The model is released for research purposes only and is not intended for product or service deployment. Responsible AI considerations were incorporated throughout the development process, including data selection, model training, and evaluation.
The training data includes a combination of public, licensed, and internal datasets that were processed to remove clearly identifiable personal information and reduce harmful content where possible. However, as the data is largely sourced from web-scale collections, it may contain biases or uneven representation. As a result, the model may generate outputs that are inaccurate, biased, or inappropriate under certain prompts, including content that could be misleading or raise copyright or IP-related concerns.
Given these limitations, the model should be used in controlled research settings, with appropriate human oversight.
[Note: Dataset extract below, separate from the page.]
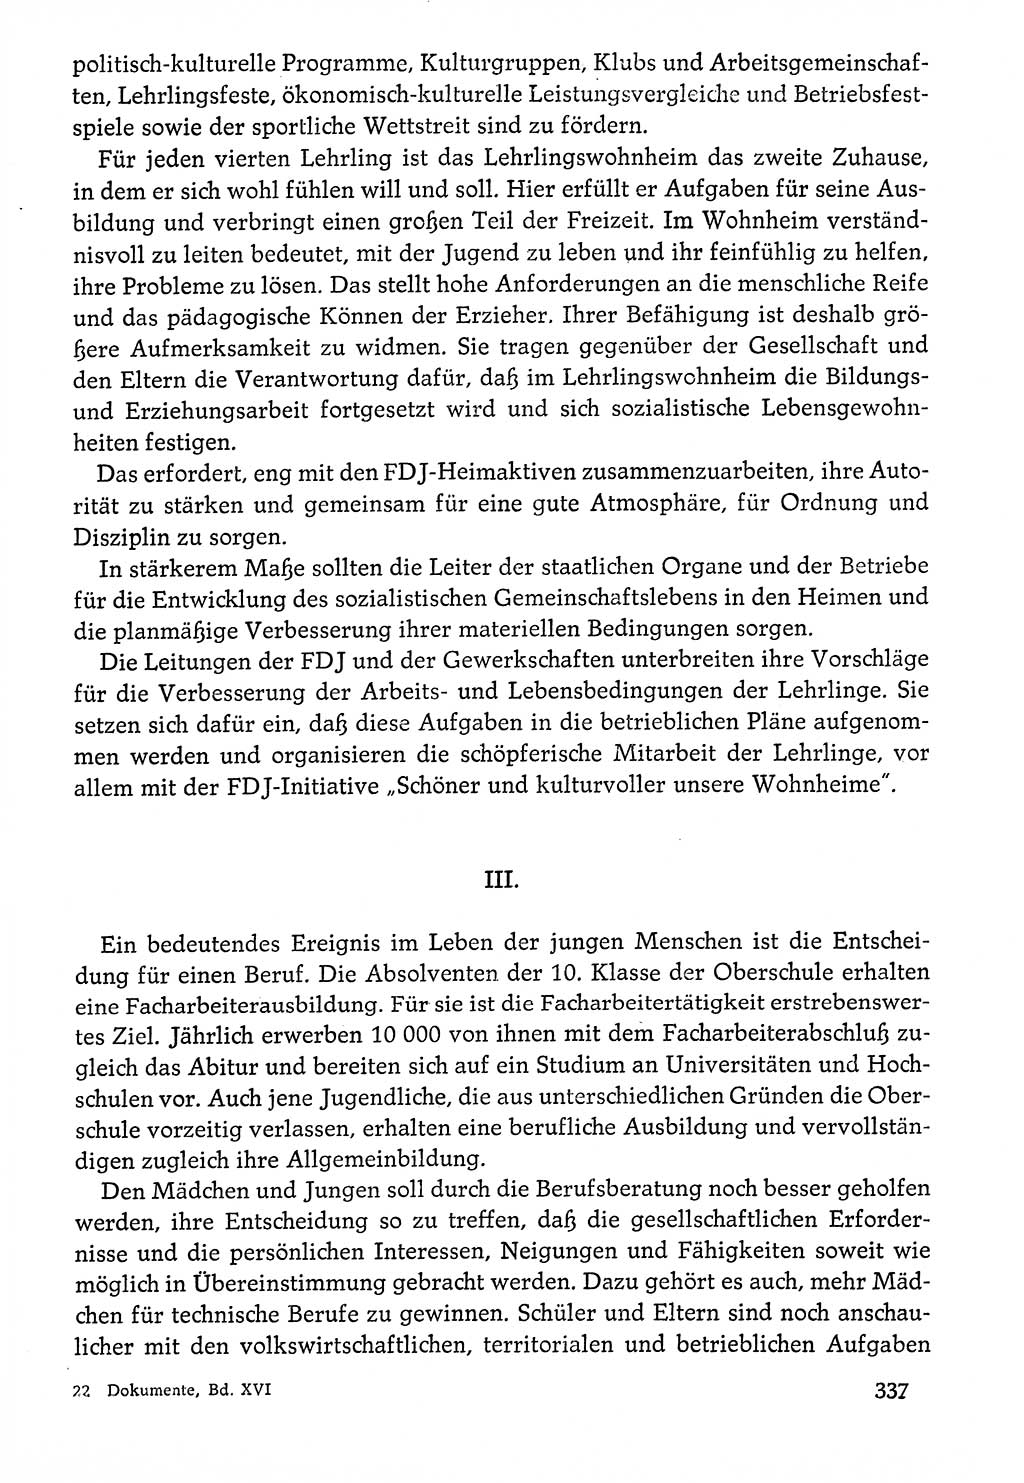 Dokumente der Sozialistischen Einheitspartei Deutschlands (SED) [Deutsche Demokratische Republik (DDR)] 1976-1977, Seite 337 (Dok. SED DDR 1976-1977, S. 337)

Downstream users are responsible for applying additional safeguards, such as content moderation, validation, and compliance checks, before using the model in broader applications.

## Privacy

This project does not collect any usage data. For more information, see the [Microsoft Privacy Statement](https://go.microsoft.com/fwlink/?LinkId=521839).

## License

This project is released under the [MIT License](LICENSE).